▸ **Exercise brief**:
There is a line containing "2 1953 Red Seal" in the entries below. Repeat that line and every line after it exactly, and nothing more.

▸ **Data shown**:
==================================================
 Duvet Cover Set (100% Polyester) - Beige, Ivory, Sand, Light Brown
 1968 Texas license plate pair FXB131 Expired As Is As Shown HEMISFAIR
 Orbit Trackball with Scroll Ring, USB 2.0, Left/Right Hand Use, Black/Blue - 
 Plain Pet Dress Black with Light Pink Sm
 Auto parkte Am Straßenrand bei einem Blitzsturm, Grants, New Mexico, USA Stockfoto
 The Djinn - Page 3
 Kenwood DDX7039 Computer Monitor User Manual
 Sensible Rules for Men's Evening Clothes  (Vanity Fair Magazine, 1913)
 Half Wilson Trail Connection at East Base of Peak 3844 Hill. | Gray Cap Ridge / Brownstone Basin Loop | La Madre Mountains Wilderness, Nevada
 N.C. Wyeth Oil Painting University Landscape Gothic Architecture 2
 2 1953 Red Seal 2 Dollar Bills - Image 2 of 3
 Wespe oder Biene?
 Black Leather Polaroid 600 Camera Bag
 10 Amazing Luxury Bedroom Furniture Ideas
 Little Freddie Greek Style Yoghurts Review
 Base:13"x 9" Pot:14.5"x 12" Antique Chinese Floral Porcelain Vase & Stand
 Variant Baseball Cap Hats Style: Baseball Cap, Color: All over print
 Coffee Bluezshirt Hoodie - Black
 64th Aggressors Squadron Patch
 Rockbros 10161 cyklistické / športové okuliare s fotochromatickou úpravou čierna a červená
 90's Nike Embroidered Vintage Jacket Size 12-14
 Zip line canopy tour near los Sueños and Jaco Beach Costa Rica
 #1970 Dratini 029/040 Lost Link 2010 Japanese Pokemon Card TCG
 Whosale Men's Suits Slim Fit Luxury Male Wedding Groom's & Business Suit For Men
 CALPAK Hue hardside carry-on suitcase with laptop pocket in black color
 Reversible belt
==================================================
▸ **Task output**:
 2 1953 Red Seal 2 Dollar Bills - Image 2 of 3
 Wespe oder Biene?
 Black Leather Polaroid 600 Camera Bag
 10 Amazing Luxury Bedroom Furniture Ideas
 Little Freddie Greek Style Yoghurts Review
 Base:13"x 9" Pot:14.5"x 12" Antique Chinese Floral Porcelain Vase & Stand
 Variant Baseball Cap Hats Style: Baseball Cap, Color: All over print
 Coffee Bluezshirt Hoodie - Black
 64th Aggressors Squadron Patch
 Rockbros 10161 cyklistické / športové okuliare s fotochromatickou úpravou čierna a červená
 90's Nike Embroidered Vintage Jacket Size 12-14
 Zip line canopy tour near los Sueños and Jaco Beach Costa Rica
 #1970 Dratini 029/040 Lost Link 2010 Japanese Pokemon Card TCG
 Whosale Men's Suits Slim Fit Luxury Male Wedding Groom's & Business Suit For Men
 CALPAK Hue hardside carry-on suitcase with laptop pocket in black color
 Reversible belt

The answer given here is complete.